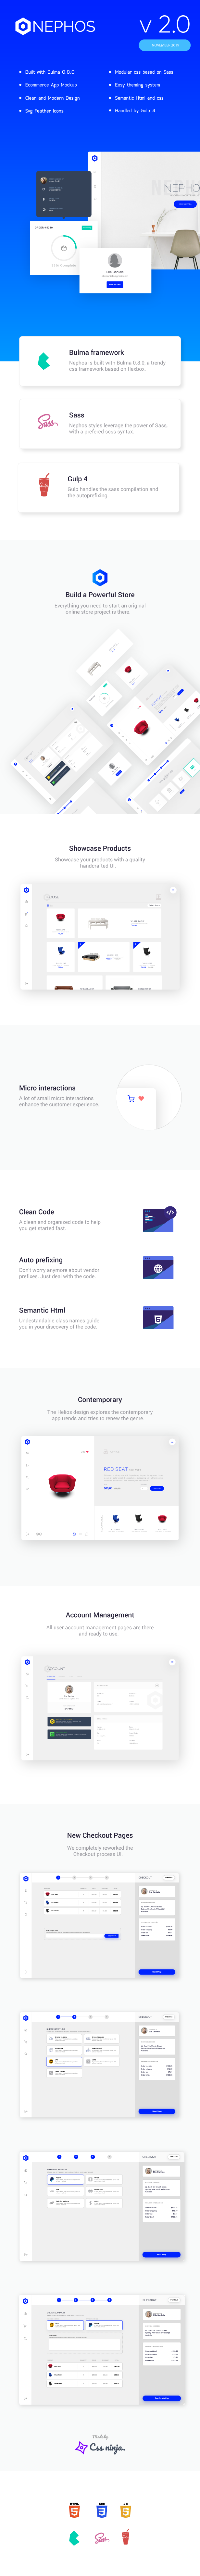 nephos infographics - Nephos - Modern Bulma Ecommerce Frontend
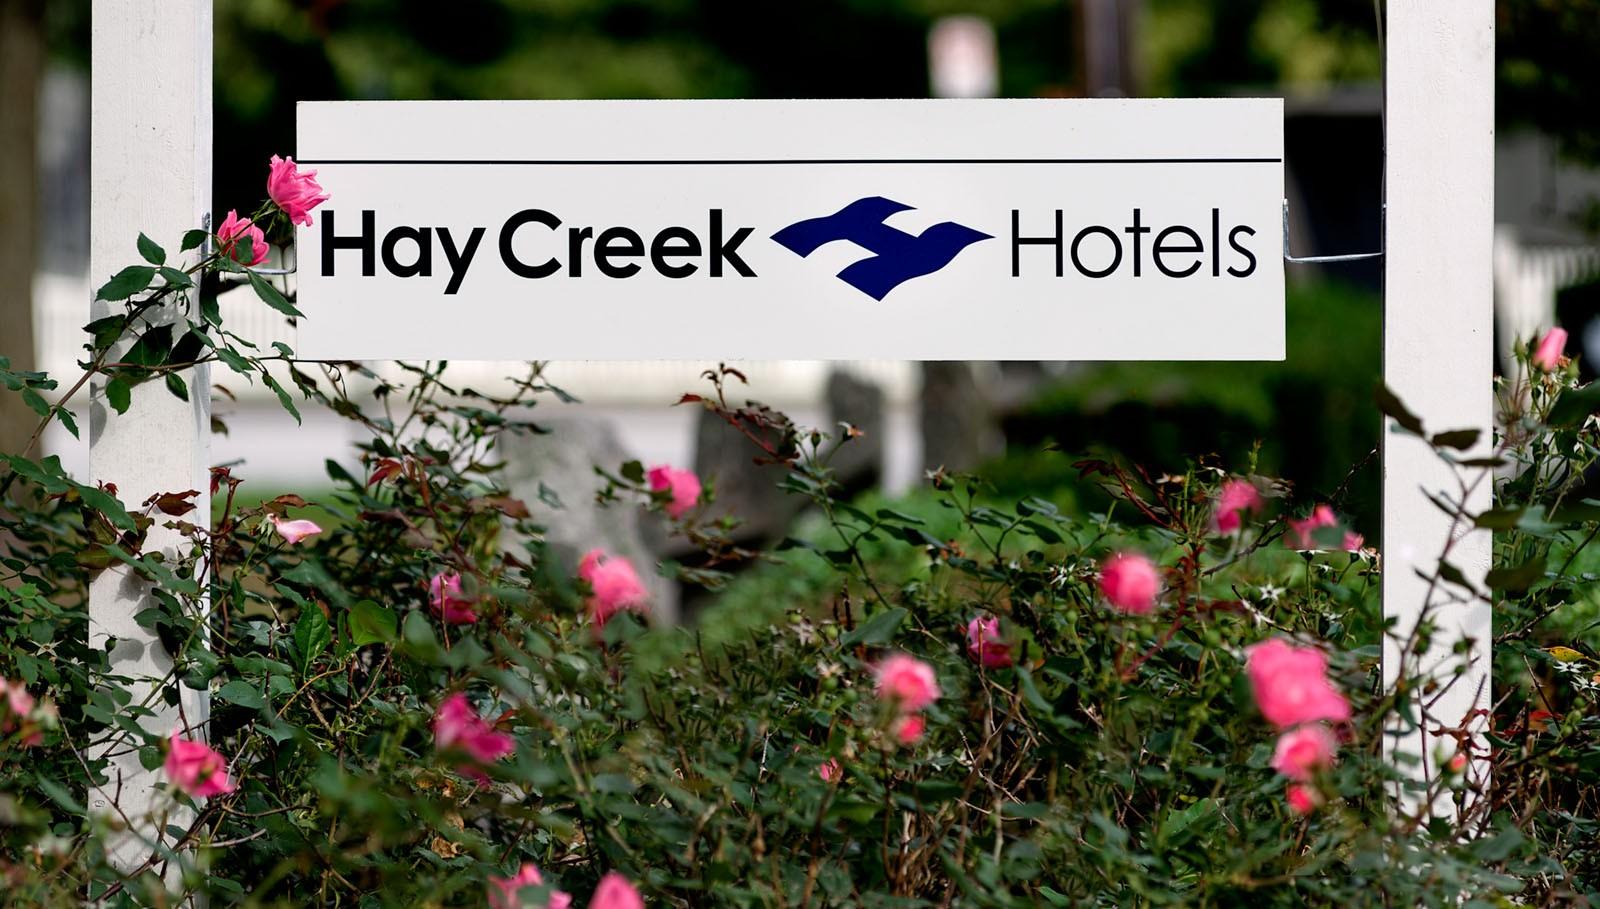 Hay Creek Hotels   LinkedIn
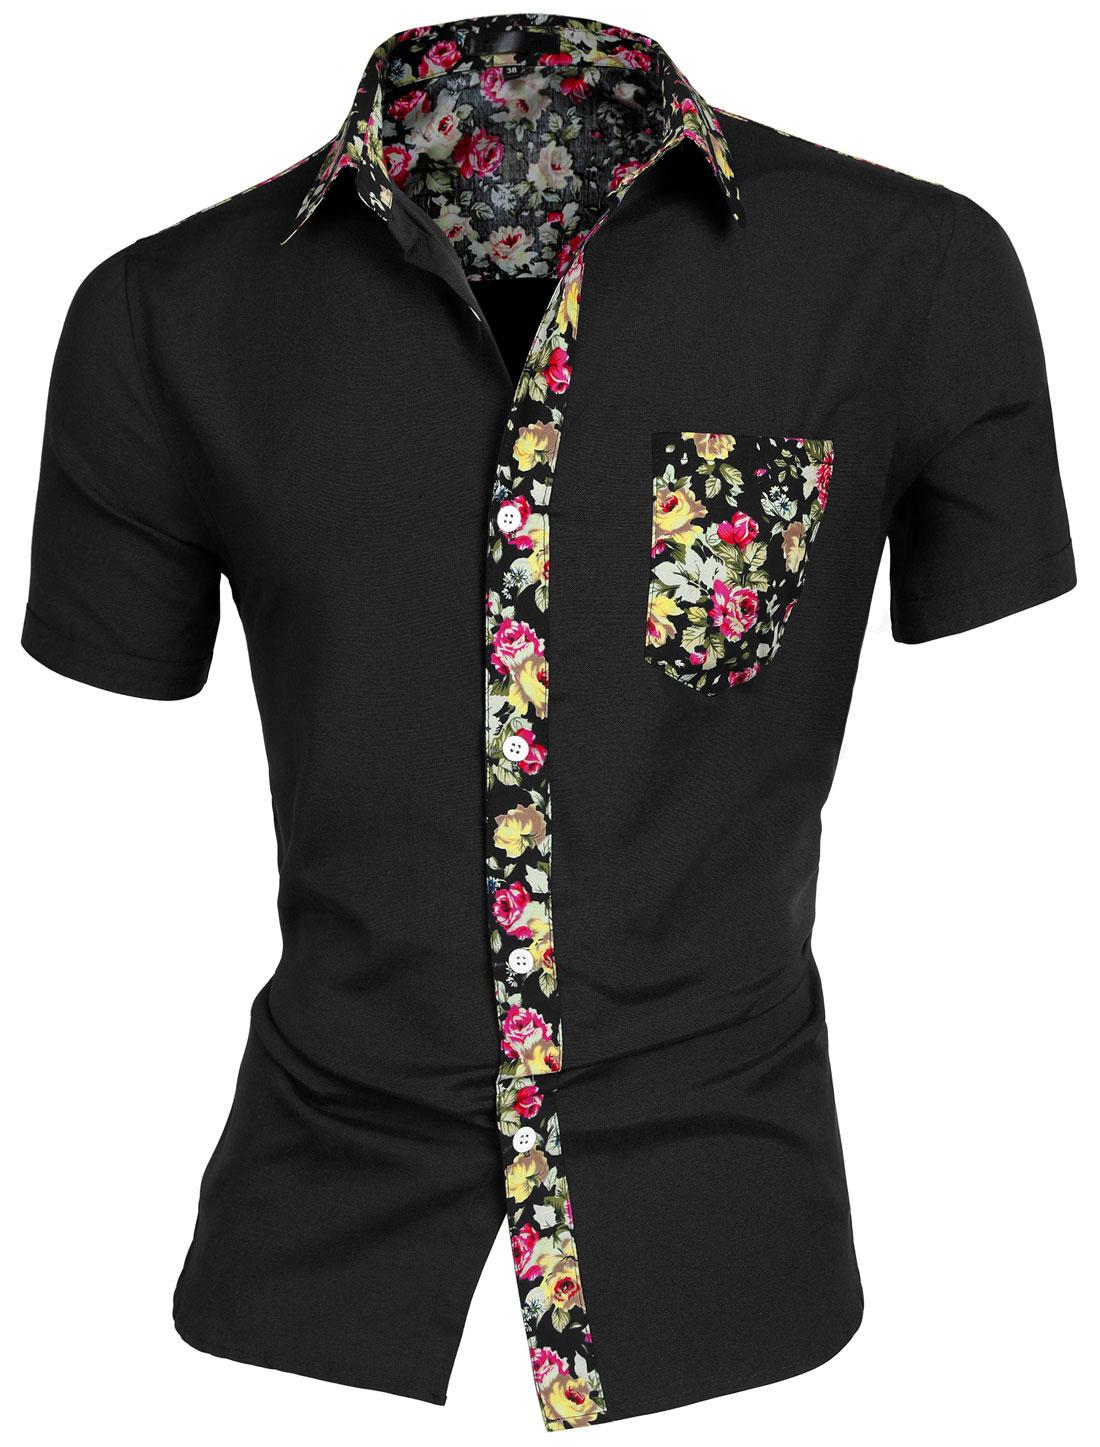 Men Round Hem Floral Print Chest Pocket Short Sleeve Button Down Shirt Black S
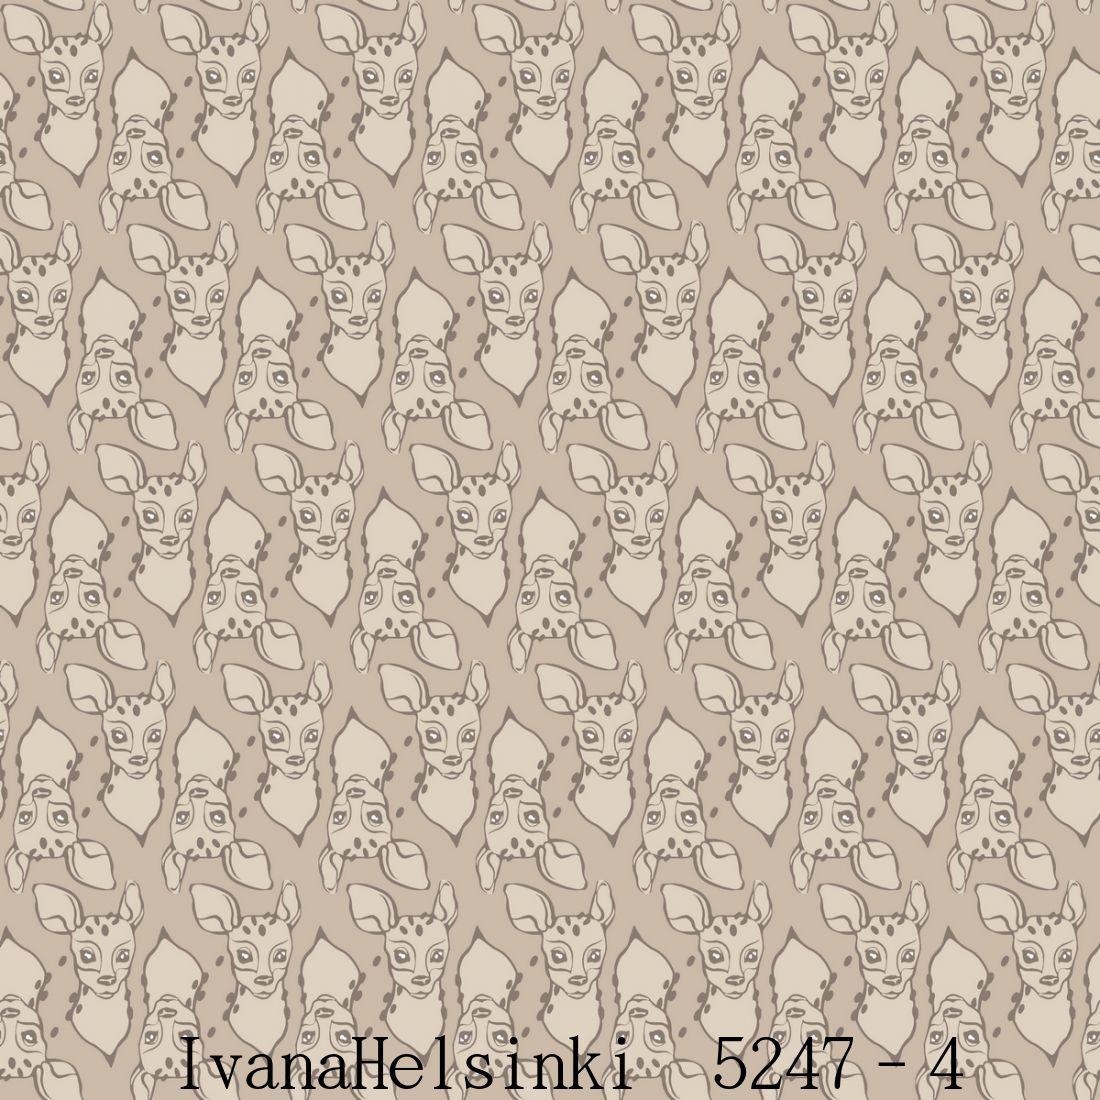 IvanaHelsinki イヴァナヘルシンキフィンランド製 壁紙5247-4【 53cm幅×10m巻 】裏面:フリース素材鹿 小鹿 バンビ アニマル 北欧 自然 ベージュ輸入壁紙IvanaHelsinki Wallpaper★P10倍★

⁂

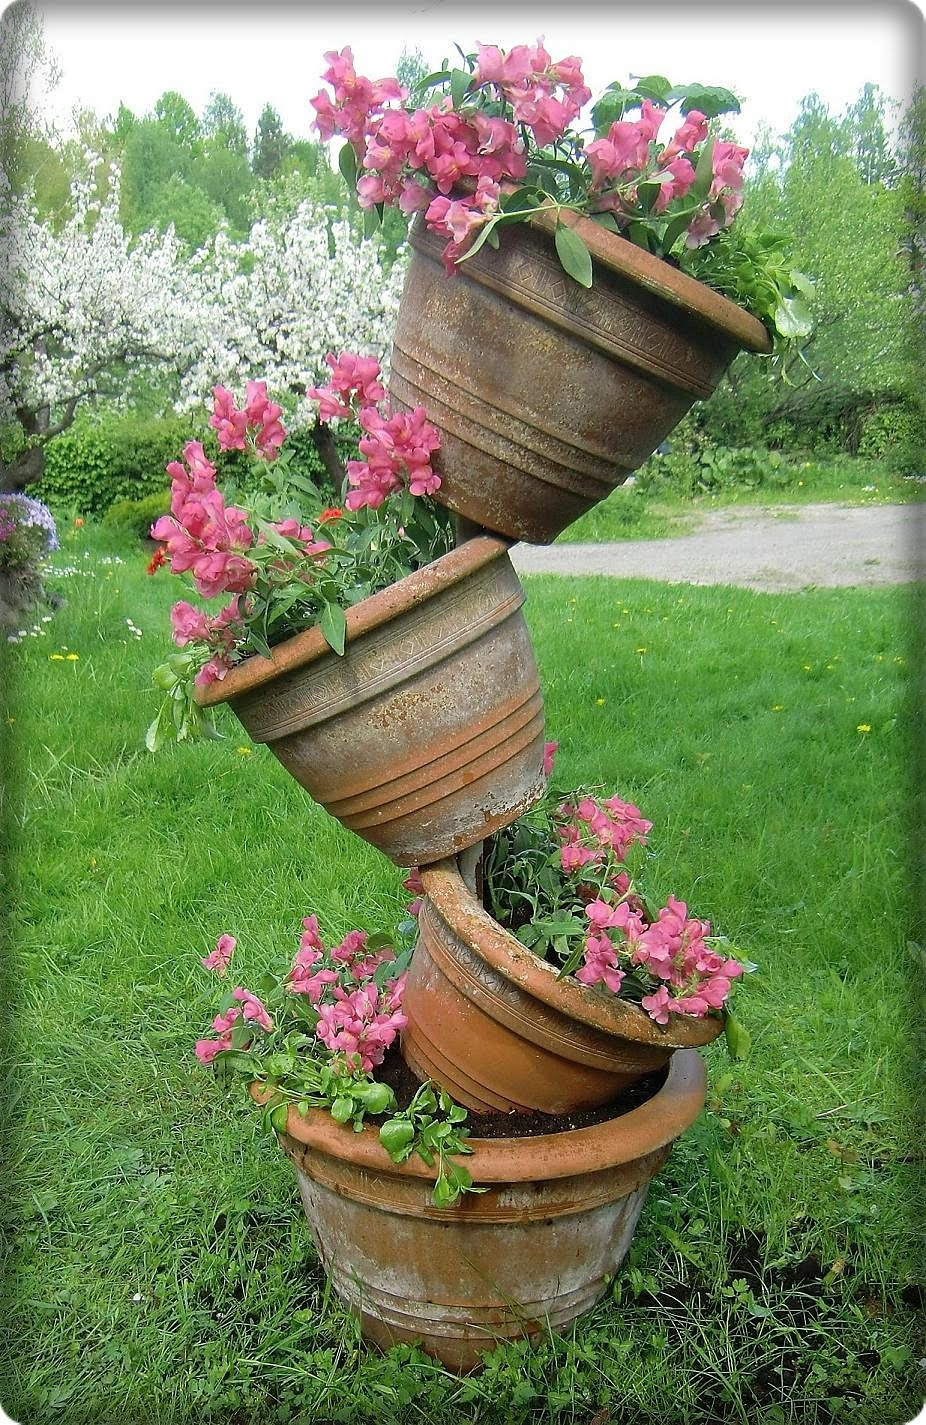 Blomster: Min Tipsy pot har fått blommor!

⁂

> [Required action]
The answer must be the lines above from the one containing "Men Round Hem" through the one containing "IvanaHelsinki イヴァナヘルシンキフィンランド製 壁紙5247-4【", reproduced exactly, with no pictures and nothing else.

> [Finished exercise]
 Men Round Hem Floral Print Chest Pocket Short Sleeve Button Down Shirt Black S
 IvanaHelsinki イヴァナヘルシンキフィンランド製 壁紙5247-4【 53cm幅×10m巻 】裏面:フリース素材鹿 小鹿 バンビ アニマル 北欧 自然 ベージュ輸入壁紙IvanaHelsinki Wallpaper★P10倍★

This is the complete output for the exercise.